TASK ITEM -> All pictures are to be dropped, and the remaining data set down exactly.

GIVEN DATA ->
=-=-=-=-=

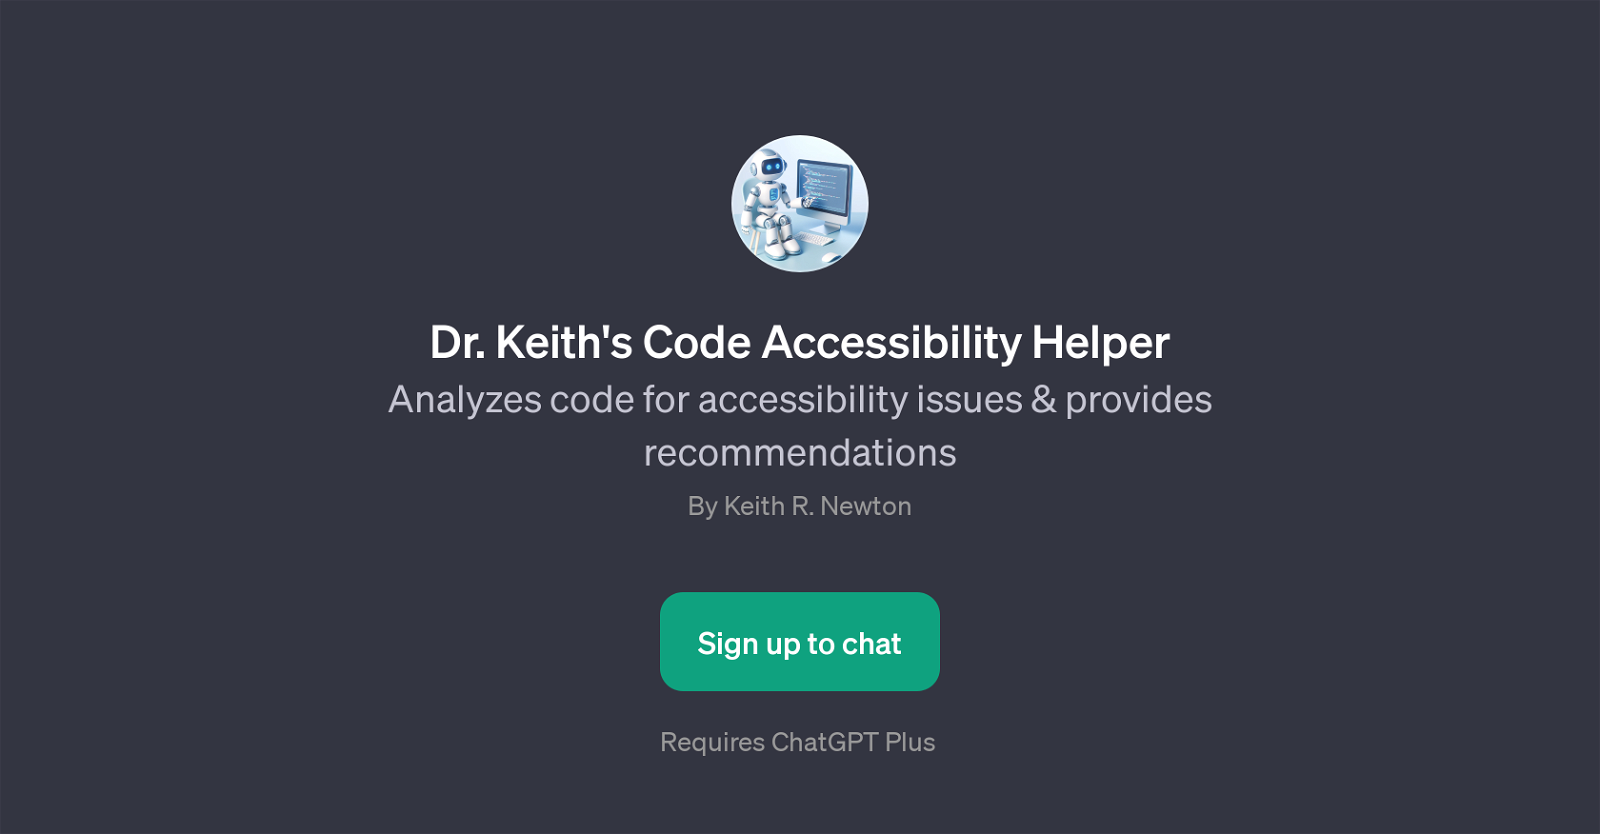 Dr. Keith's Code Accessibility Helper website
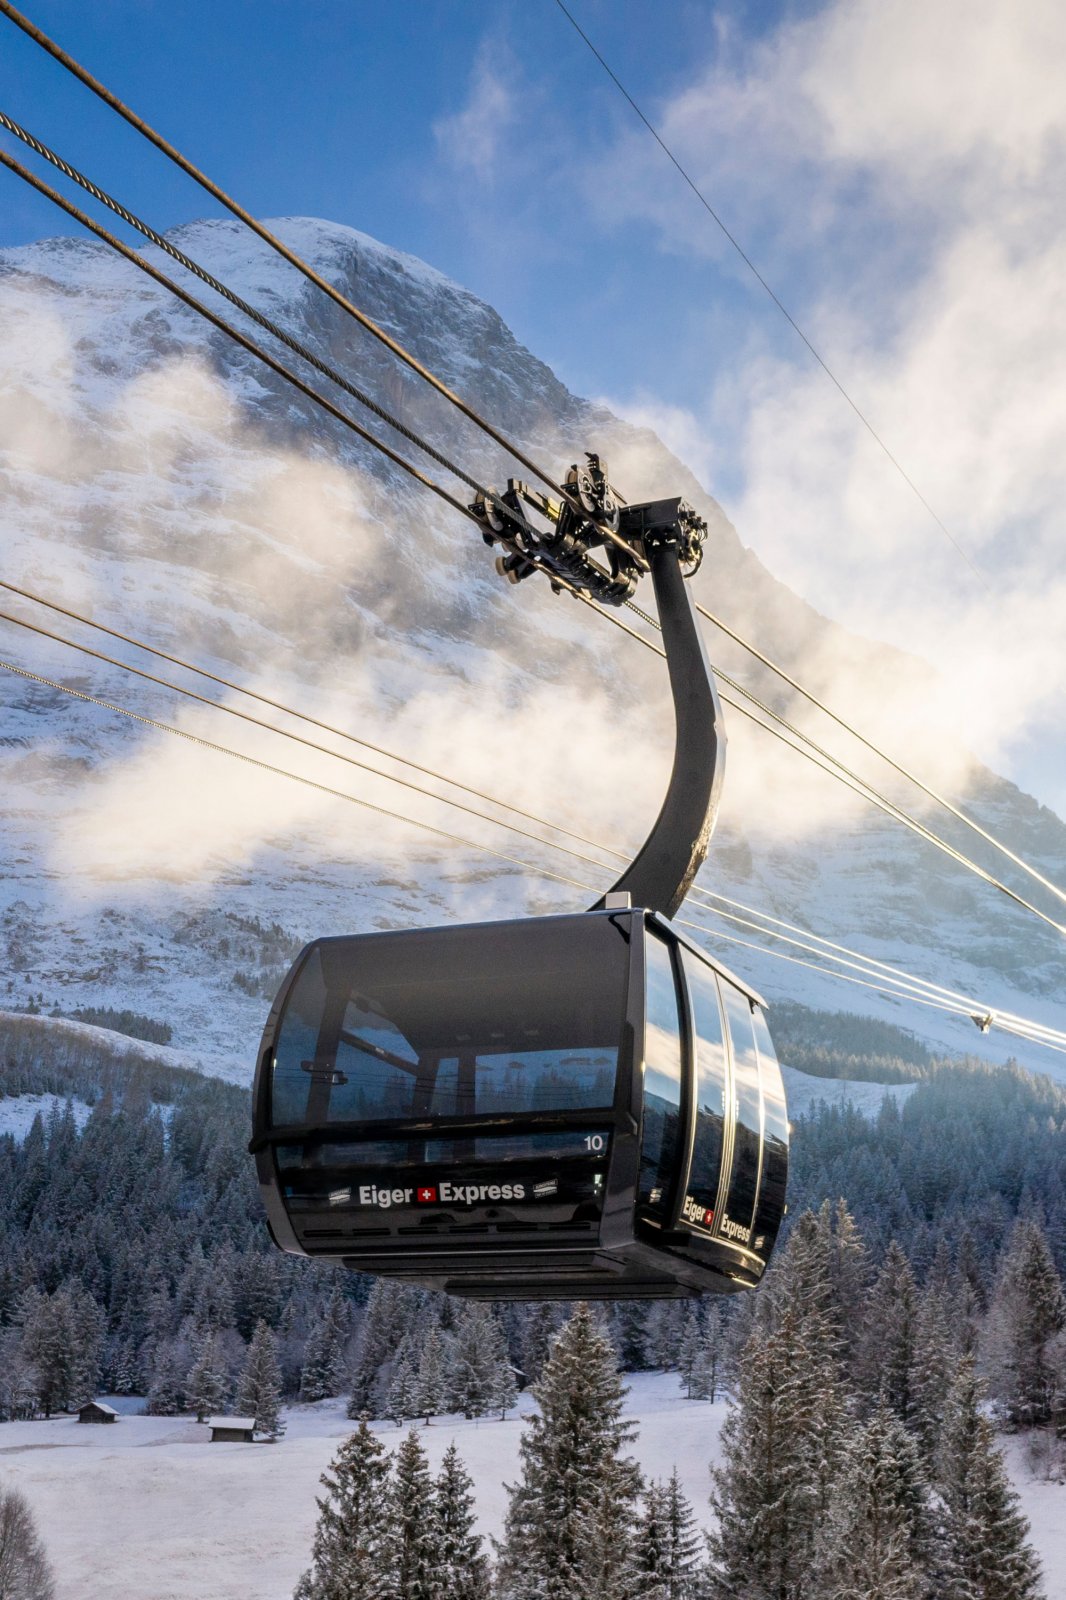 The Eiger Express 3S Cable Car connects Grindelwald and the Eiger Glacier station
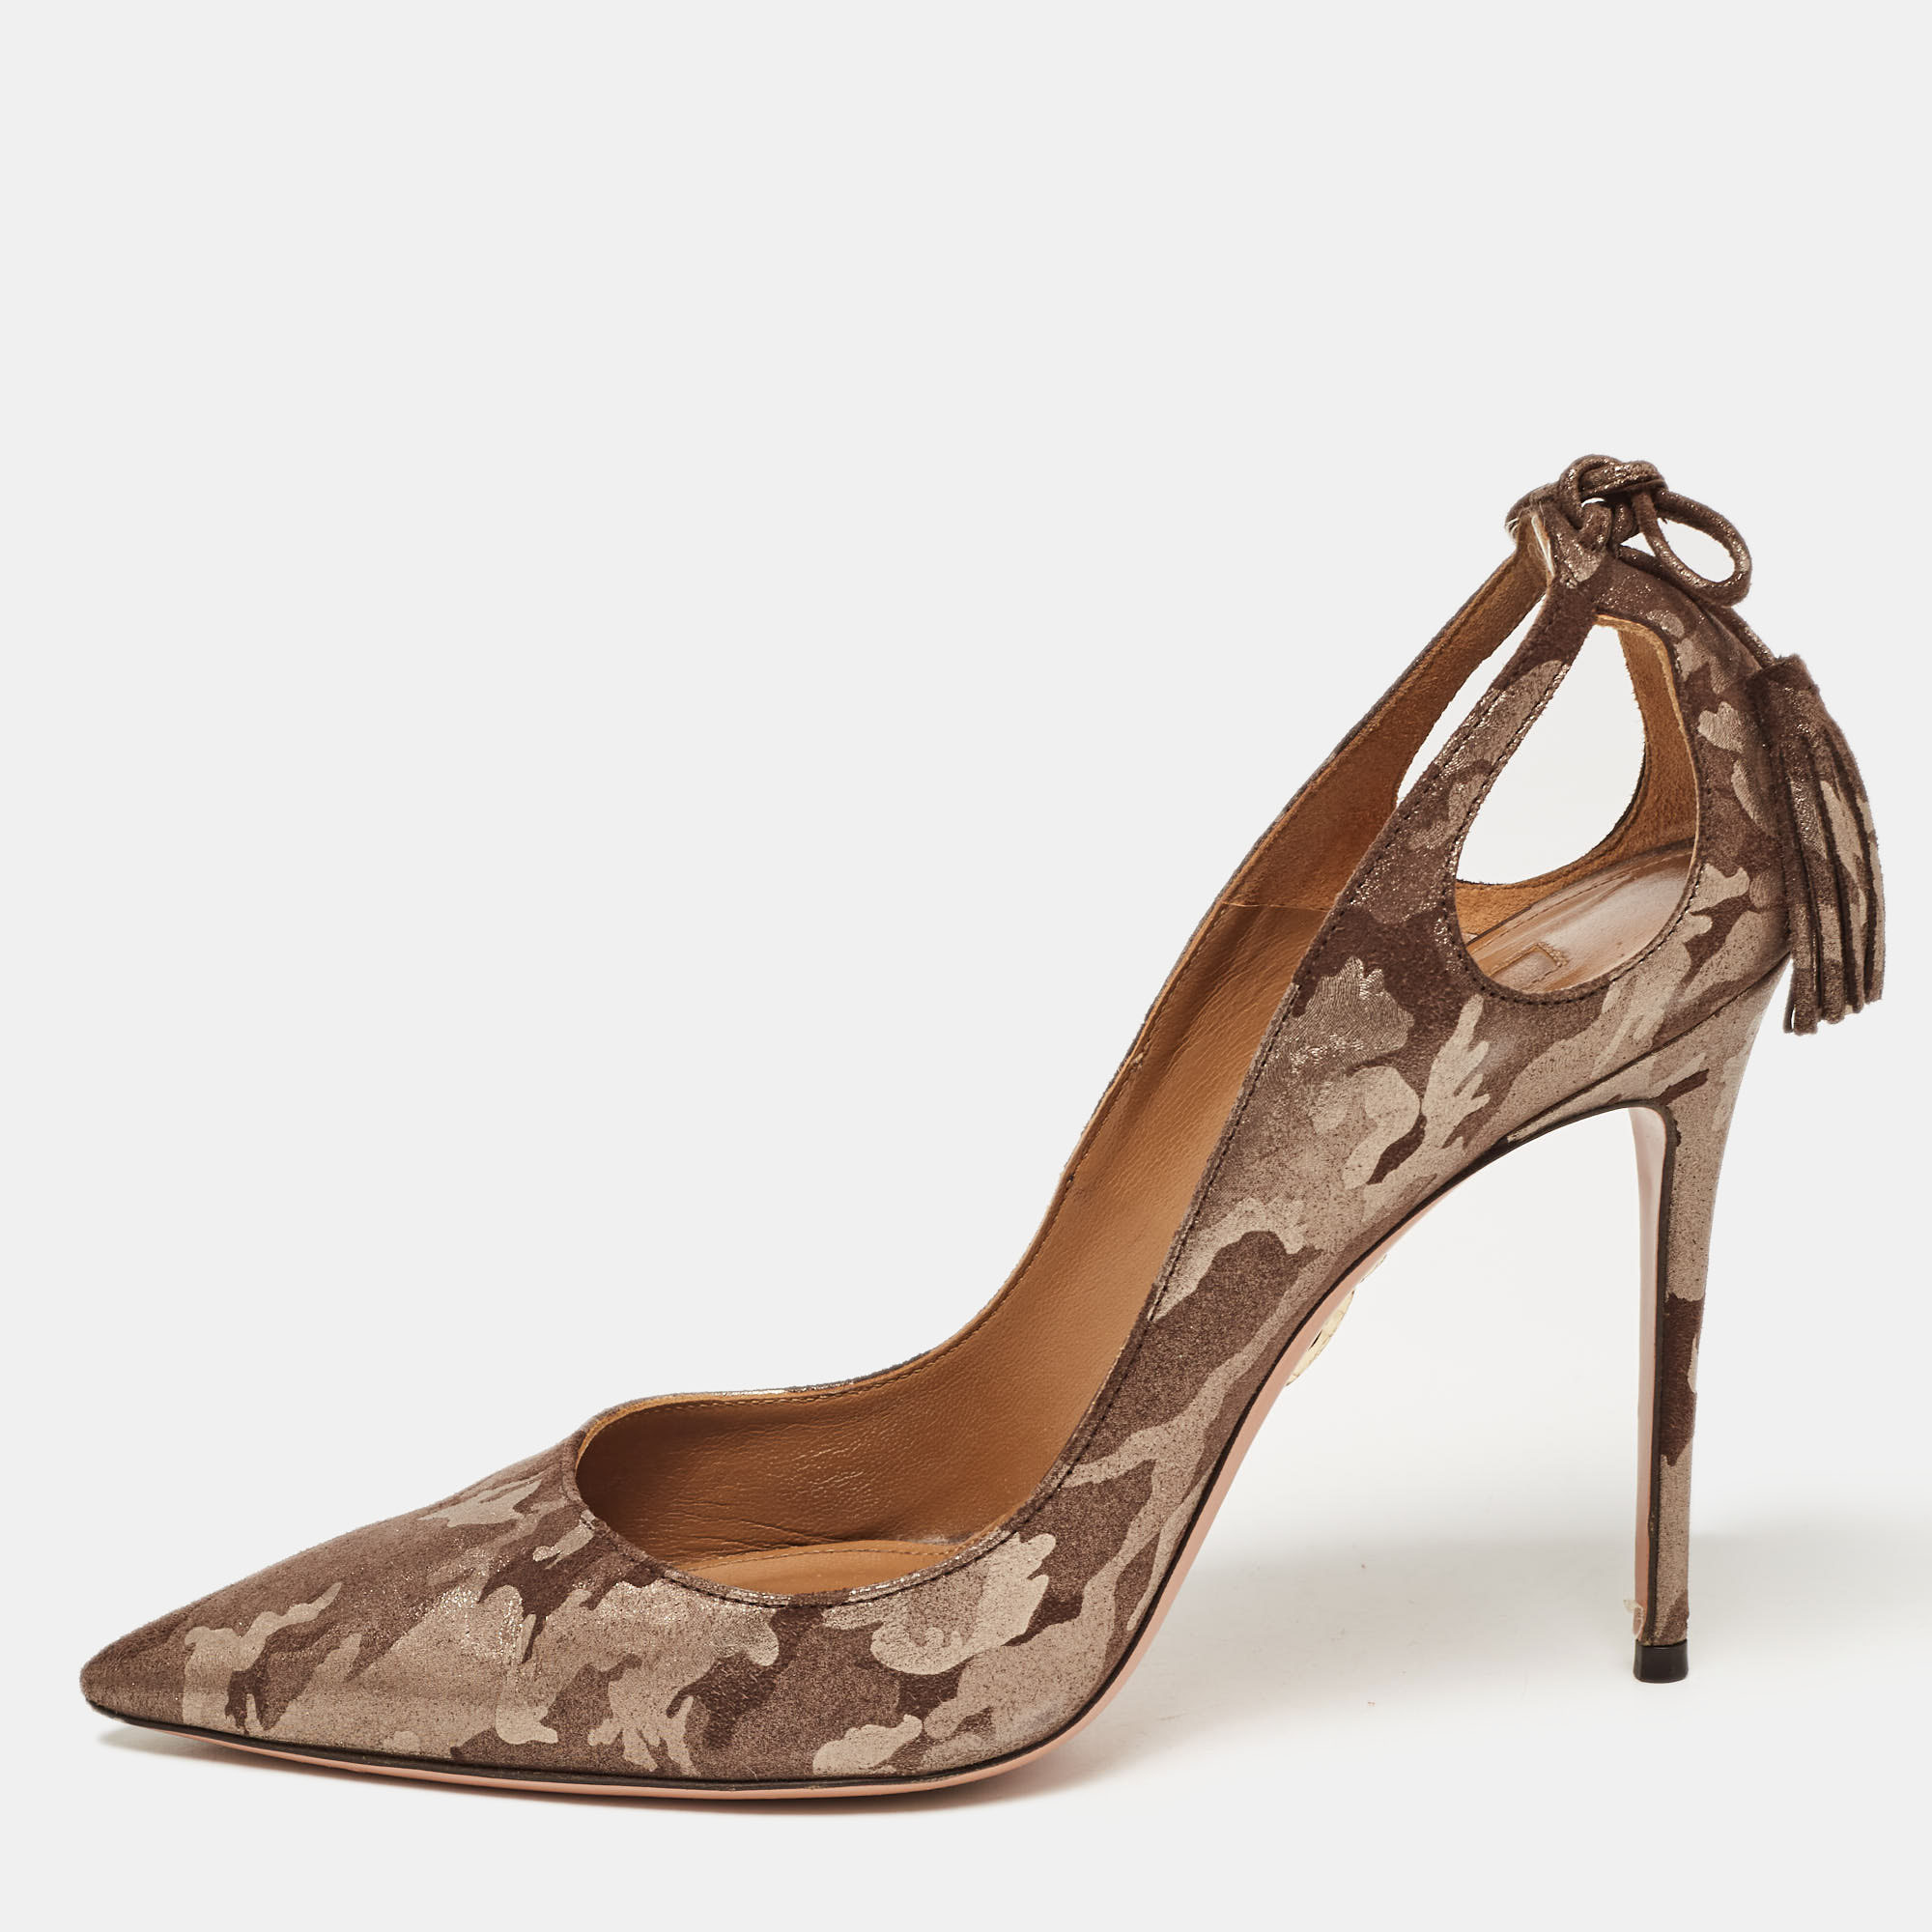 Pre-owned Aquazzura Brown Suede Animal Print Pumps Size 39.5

=-=-=-=-=

ANSWER AREA ->
 Dr. Keith's Code Accessibility Helper website
 The Eiger Express 3S Cable Car connects Grindelwald and the Eiger Glacier station
 Pre-owned Aquazzura Brown Suede Animal Print Pumps Size 39.5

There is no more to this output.